Keller also said in a press conference that he would not enforce specific laws against the unhoused and that the city is prepared to provide emergency services, which always translates to permanent provisions, Carla Sonntag, president and CEO of New Mexico Business Coalition and Better Together New Mexico, said.
“Because the mayor is not enforcing public nuisance laws, they are free to break them,” Sonntag said. “These include indecent exposure, littering, noise ordinance violations, public intoxication, loitering, disorderly conduct, and trespass.”
Sonntag said that when these laws are not enforced, more severe crimes follow, such as sexual assault, battery, theft, vandalism, homicide, open public drug use and shoplifting. As a result, The city’s crime rate has skyrocketed and is out of control, she said.
And the business community is feeling the effects.
“Businesses are out hundreds of thousands of dollars due to the related crimes listed,” Sonntag said. “They are spending hundreds of thousands of dollars passing for their own security; copper theft has increased where they are stripping copper wire from electrical systems.

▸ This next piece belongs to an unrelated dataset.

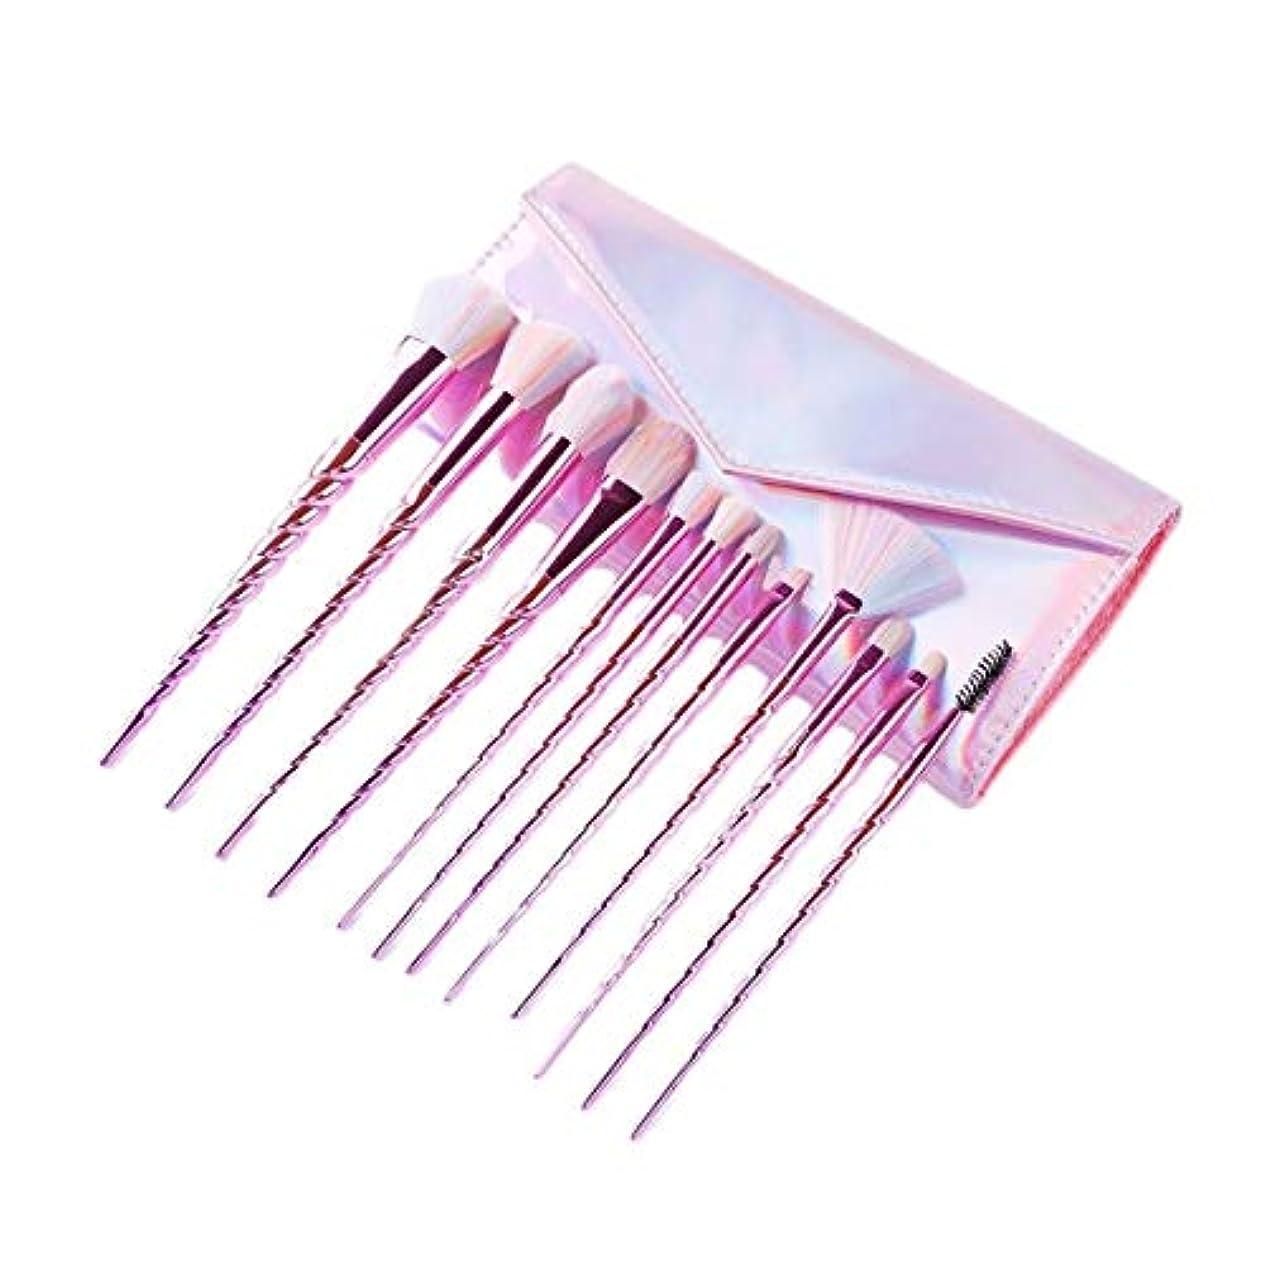 神社例示する贈り物XIAOCHAOSD メイクブラシセット初心者のアイシャドウブラシ美容ブラシツール女性、持ち運びのメイクブラシフルセット (Color : Pink)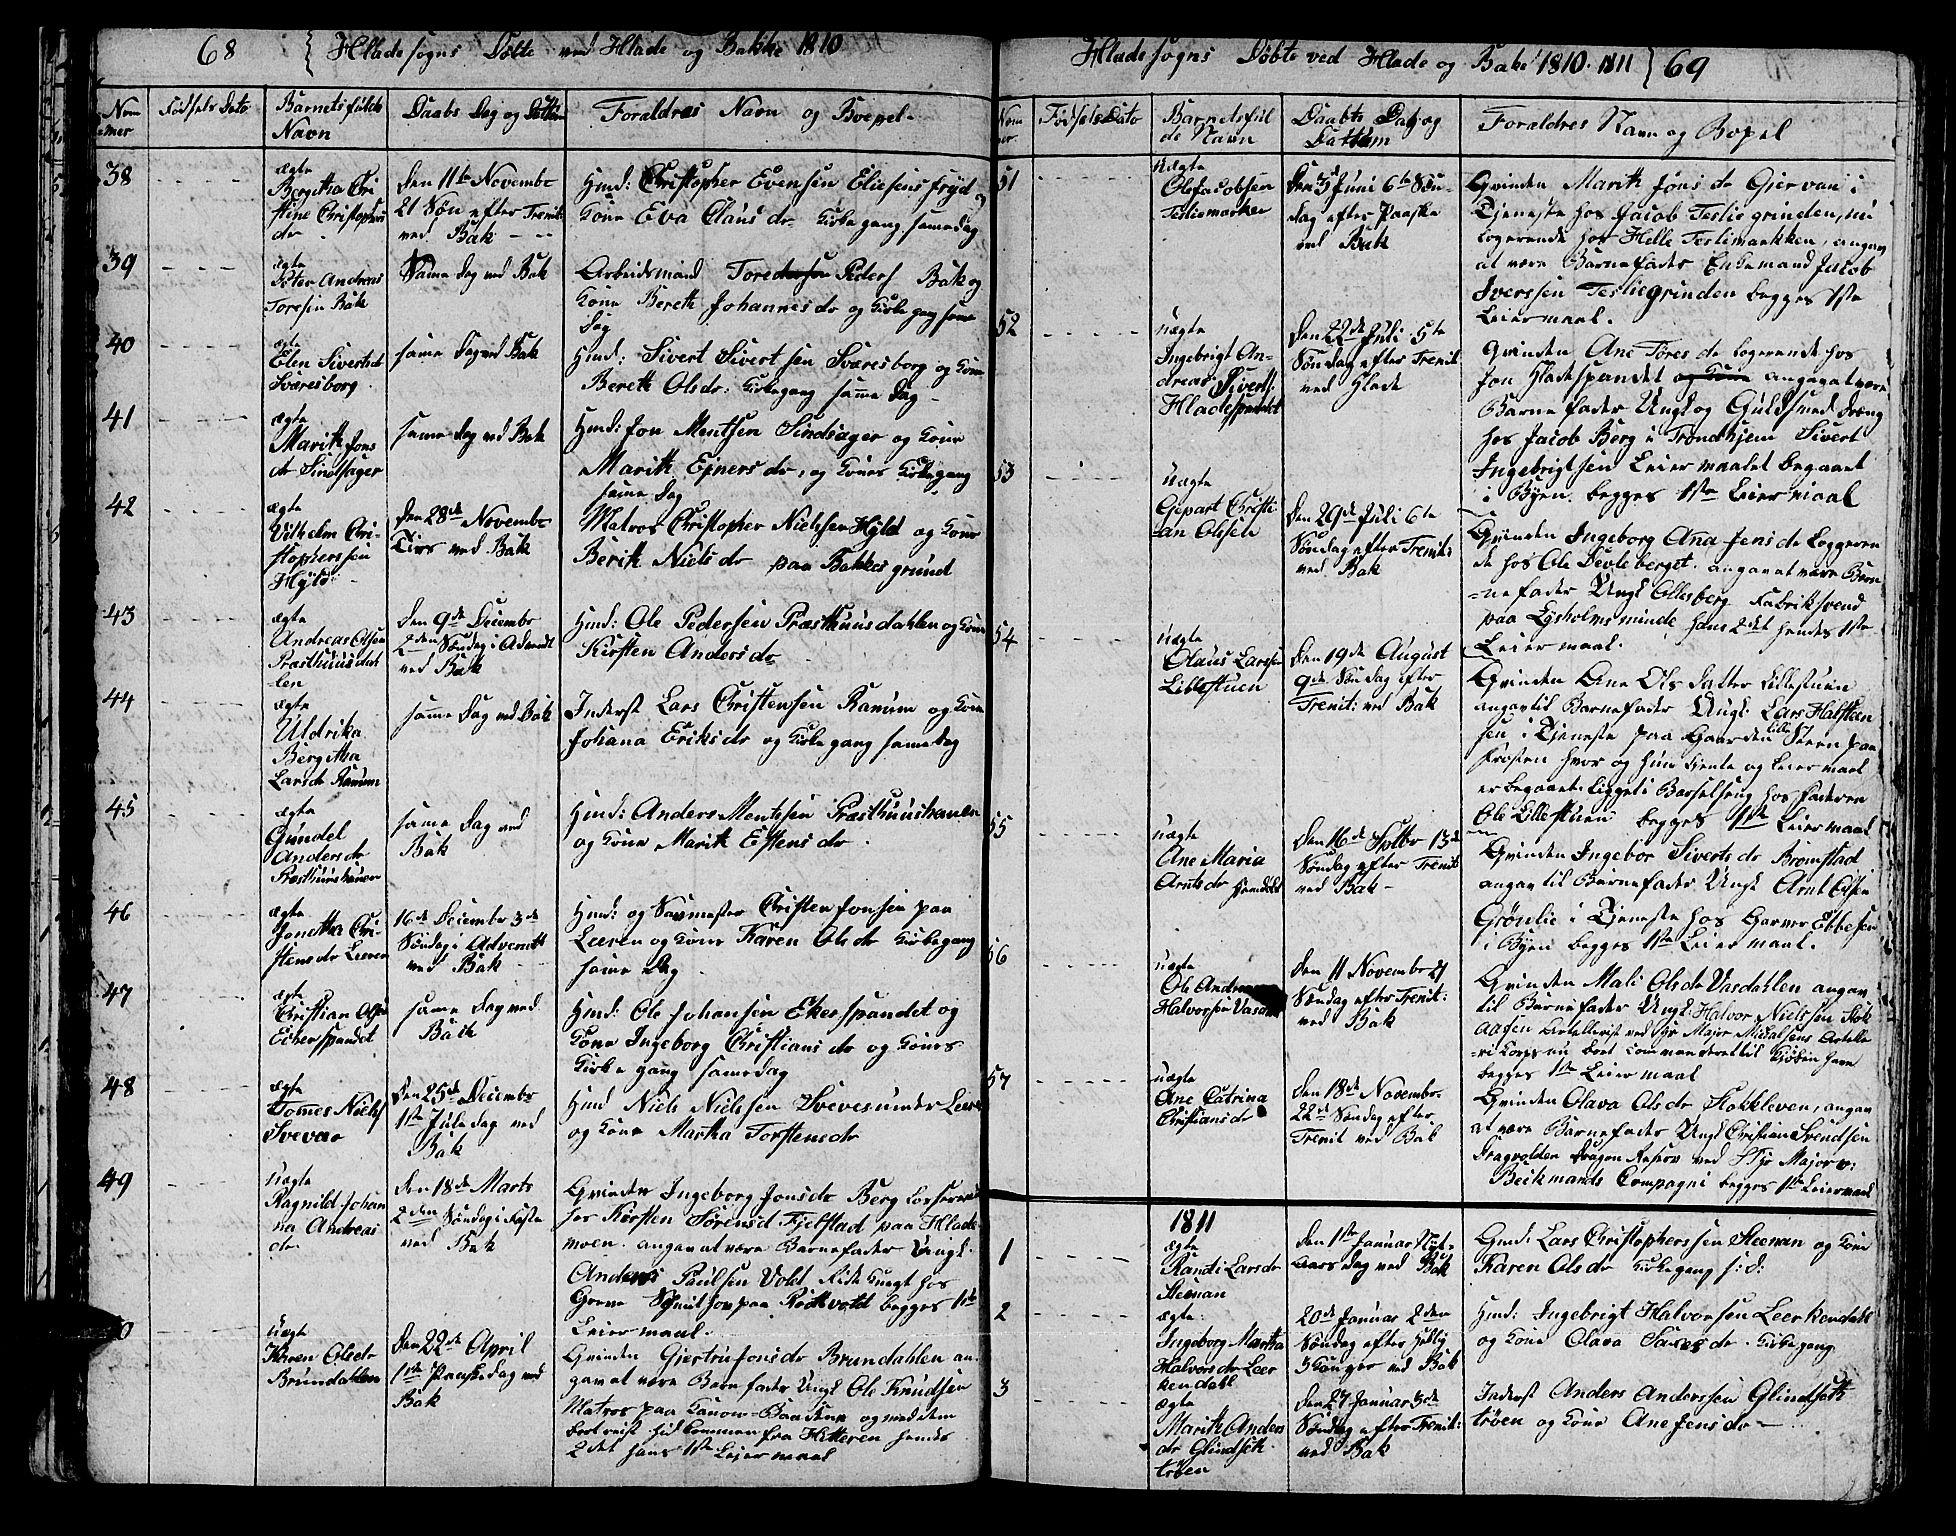 SAT, Ministerialprotokoller, klokkerbøker og fødselsregistre - Sør-Trøndelag, 606/L0306: Klokkerbok nr. 606C02, 1797-1829, s. 68-69

“The business is usually shut down for several days or weeks to get it replaced. One business owner reported today that they were hit several times, costing them $145,000 in four months,” she said.
Aycock argues that this is also a health issue and said she would like the city to identify unhoused people who have hepatitis and tuberculosis, but civil liberties are an obstacle.
“The city says they can only ask people, and if they don't want to participate in a health intake, then they don't have to,” she said. “We have anti-vagrancy laws. You can't be a vagrant, but we don’t have enough police to enforce the vagrancy laws and follow those citations.”